Now we discuss the size of input images for the three streams. Suppose the dimensions of the light field are

(N_{a r}, N_{a c}, N_{s r}, N_{s c}, N_{c h})

, where

N_{a r}, N_{a c}

are angular resolution in a row and a column direction, respectively;

N_{s r}, N_{s c}

indicate space resolution in a row and a column direction, respectively;

N_{c h}

represents the number of channels in a light-field image. EPIh generated from light-field data has the dimension of

(N_{a c} \times N_{s r}, N_{s c}, N_{c h})

, the dimension of EPIv is

(N_{s r}, N_{a r} \times N_{s c}, N_{c h})

, and the size of CV is

(N_{s r}, N_{s c}, N_{c h})

. For example, the images in Figure 3 were generated from the (9,9,381,381,3) dimensional light-field data collected by the Lytro camera. The resolution of the central view image (Figure 3a) is 381 × 381, and the resolution of EPIh should be 3429 × 381. However, Figure 3b is only a part of EPIh, and its resolution is 1450 × 381.

As mentioned above, the input images in the three streams have different dimensions. However, the output of each stream should reach the same resolution for concatenation processing. Therefore, the parameters, such as the size and the stride for convolutional kernel or max pooling, should be set reasonably.

In the first block of the ST1 stream, as shown in Table 1, the first convolutional layer filters the

(N_{a c} \times N_{s r}, N_{s c}, N_{c h})

-dimensional EPIh with 10 kernels of size (3,3) and a stride of 1 pixel. The second convolutional layer also has 10 kernels of size (3,3) and 1-pixel stride, followed by batch normalization (BN) layer and ReLU activation. The end of the first block is spatial pooling carried out by the max-pooling layer. Max-pooling is performed over a (9,1) pixel window, with stride (9,1). The first block of the ST3 stream is of similar structure as ST1′s first block, but ST3′s max-pooling stride is (1,9).

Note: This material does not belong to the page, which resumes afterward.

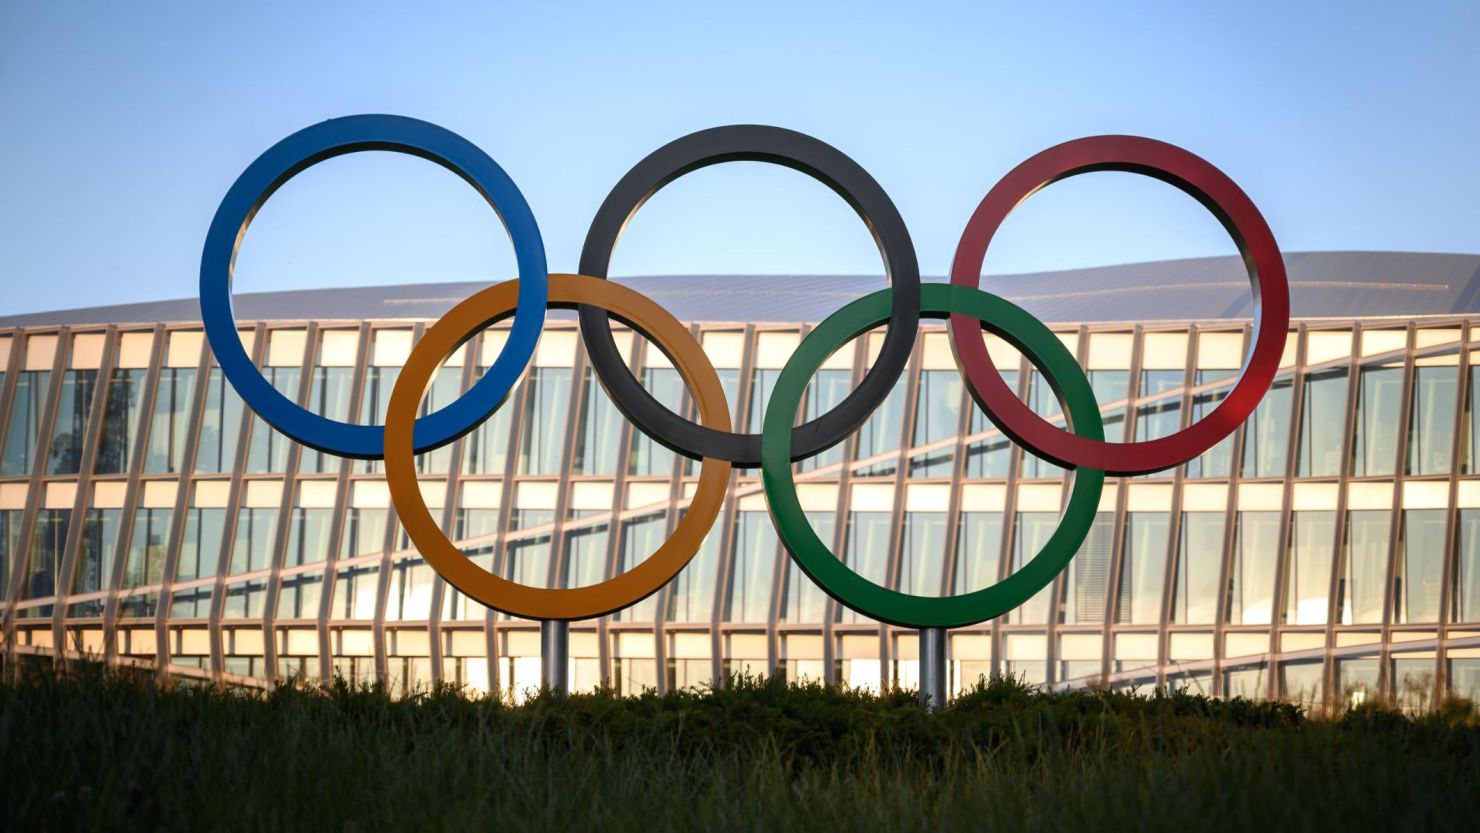 The Olympic Rings outside the International Olympic Committee (IOC) headquarters in Lausanne.

After the first block processing of the ST1 stream, its output resolution is consistent with that of the CV image. The same is true for the first block of the ST3 stream. Therefore, the identical layer structure is designed for the remaining three blocks in ST1 and ST3 streams and the blocks in ST2 stream. In these blocks, all the convolutional layers have kernel size of (3,3) and stride of 1 pixel, and a Max pooling layer use (2,2) window to slide with stride 2. The convolutional layers in one block have the same number of filters and the exact size of feature maps. However, from one block to the next, the feature map size is halved; the number of filters is doubled to preserve the time complexity per layer.

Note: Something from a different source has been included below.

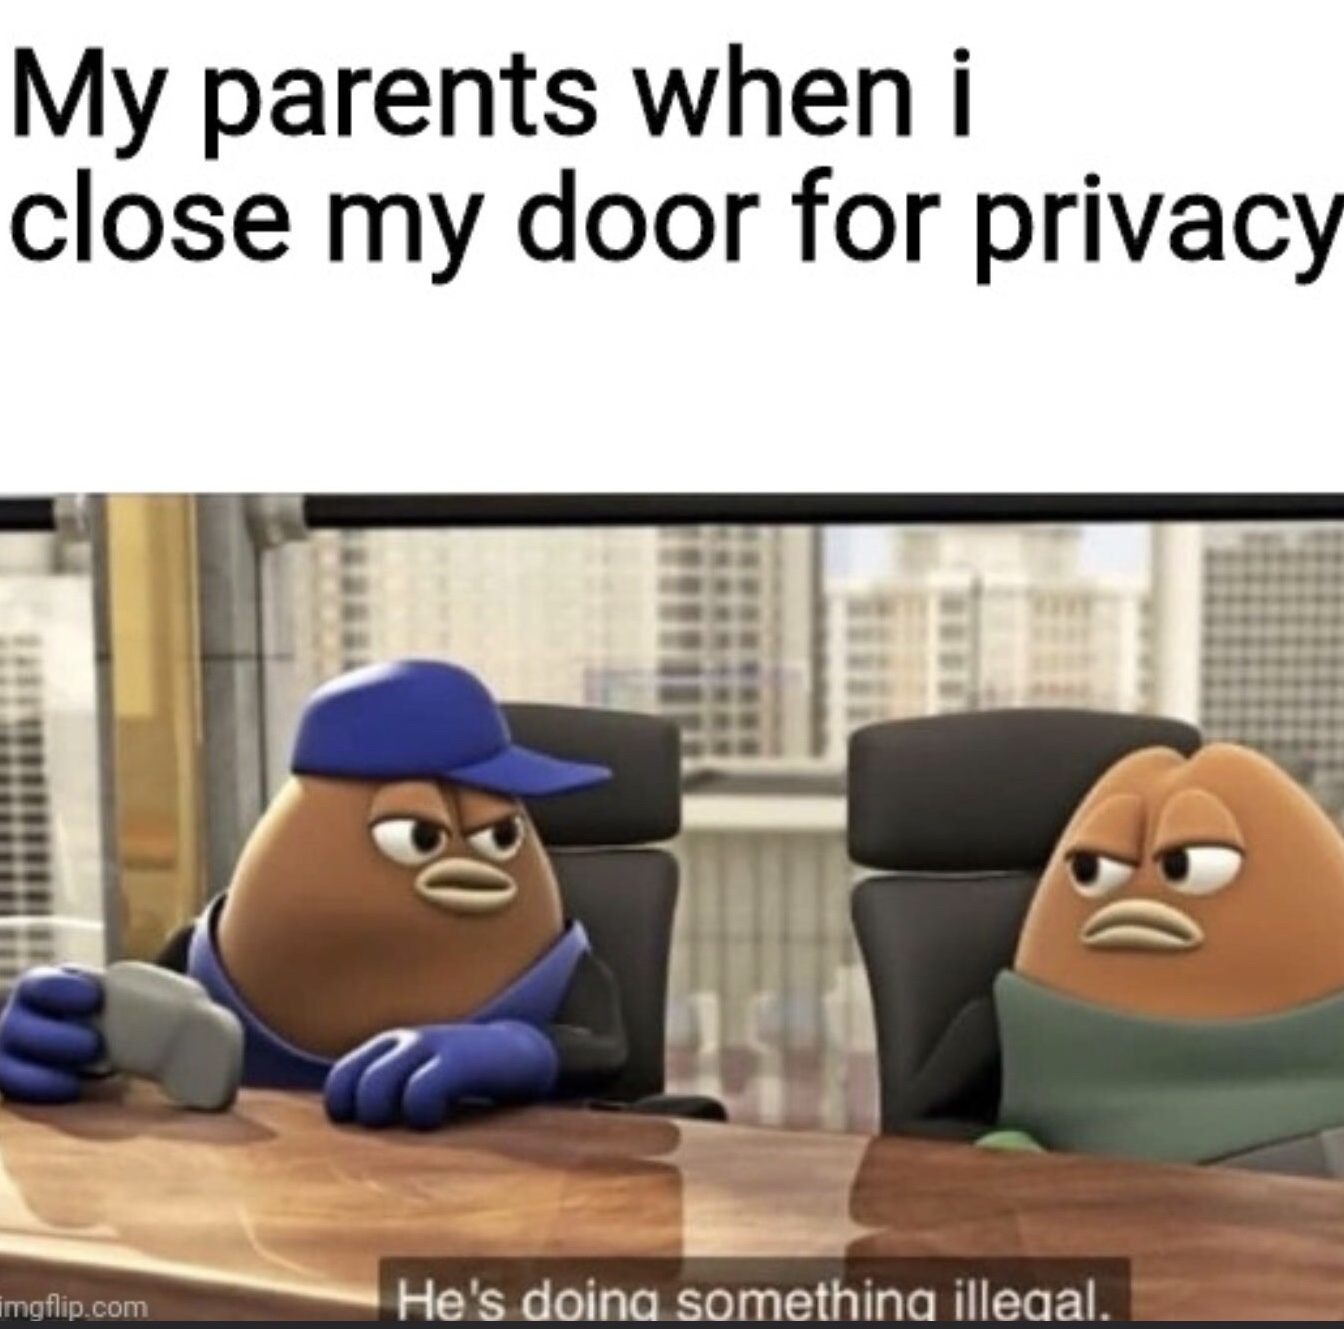 killer bean meme - My parents when i close my door for privacy imgflip.com He's doing something illegal.

After the feature extraction of the three streams, we cascade their output results and then employ three blocks to extract features further. These blocks are shown in the gray box in Figure 4, where each block is composed of two Conv + ReLU layers, one Conv + BN + ReLU layer, and one max pooling layer.

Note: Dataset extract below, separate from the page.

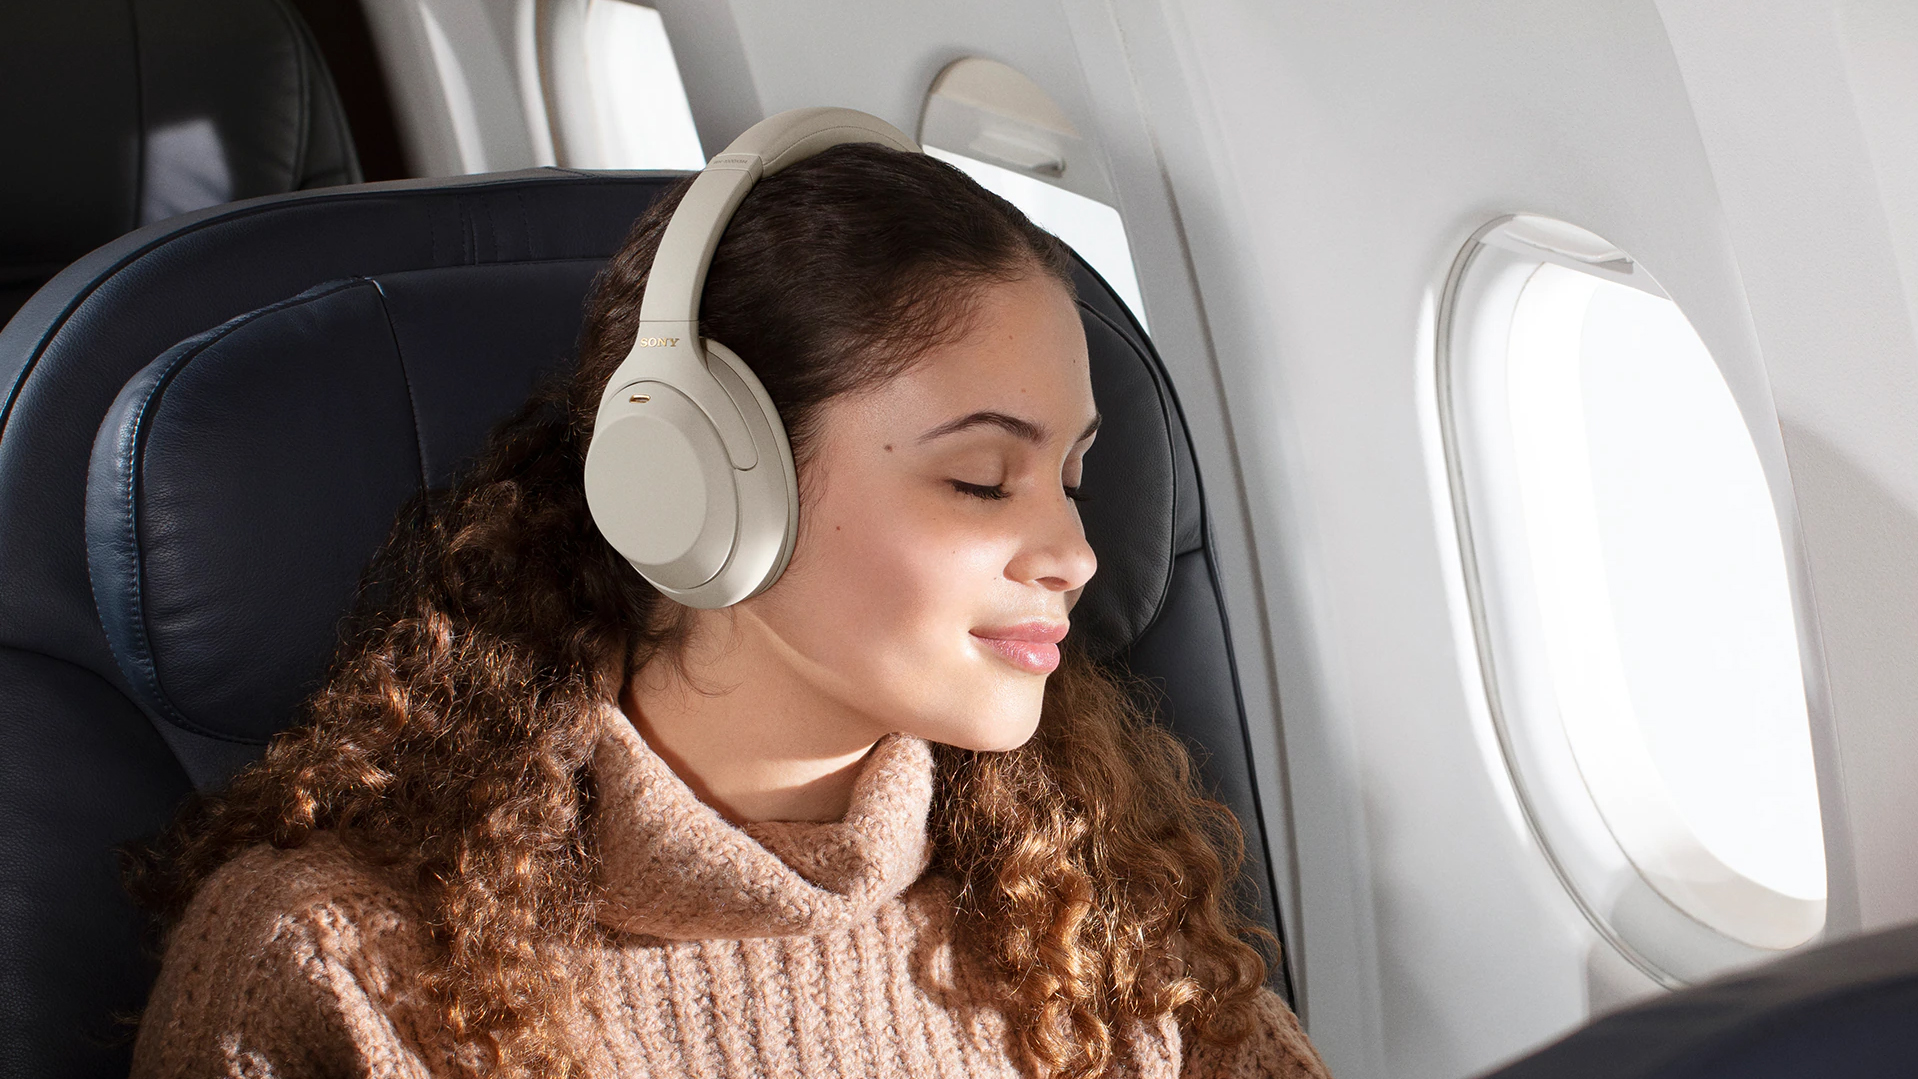 Sony WH-1000XM4 used by a woman on a plane

After the above encoding stage of feature extraction, the network enters an expansive path that decodes the feature maps. This stage of the network consists of six blocks which are divided into two types. The first type block includes one transposed convolution layer, two Conv + ReLU layers, and one Conv + BN + ReLU layer. Table 2 lists the parameters of the first type block. Compared with the first type block, the second type block adds a cascade layer to realize skip-connections and reduce a Conv + ReLU layer. Finally, we use a 1 × 1 convolutional layer to get the disparity map.

4.3. Skip Connections

Compared with high-level feature maps, shallow features have smaller receptive fields and therefore contain less semantic information, but the image details are preserved better [26]. Since depth estimation requires both accurate location information and precise category prediction, fusing shallow and high-level feature maps is a good way to improve depth estimation accuracy. Therefore, the proposed model utilizes skip-connections to retain shallow detailed information from the encoder directly.

Skip-connections connect neurons in non-adjacent layers in a neural network. As shown in Figure 4, dotted lines indicate skip-connections. With those skip-connections in a concatenation fashion, local features can be transferred directly from a block of the encoder to the corresponding block of the decoder.

In Figure 4, CC1, CC2, and CC3 are the three skip-connections proposed in this paper. In order to analyze the impact of the number of skip-connections on our network performance, we compared the experimental results when adding CC4 and CC5 in the experimental section. The shallow feature map is directly connected to the deep feature map, which is essentially a cascade operation, so it is necessary to ensure that the resolution of the two connected feature maps is equal. In theory, skip-connections can be established for blocks with the same resolution in the two stages, but the experiment shows that three skip-connections can achieve better results.

4.4. Loss Function

The intuitive meaning of the loss function is obvious: the worse the performance of the model, the greater the loss, so the value of the corresponding loss function should be larger. When training a network model, the gradient of the loss function is the basis of updating network parameters. Ideally, the large value of the loss function indicates that the model does not perform well, and the gradient of the loss function should be large to update the model parameters quickly. Therefore, the selection of loss function affects the training and performance of the model.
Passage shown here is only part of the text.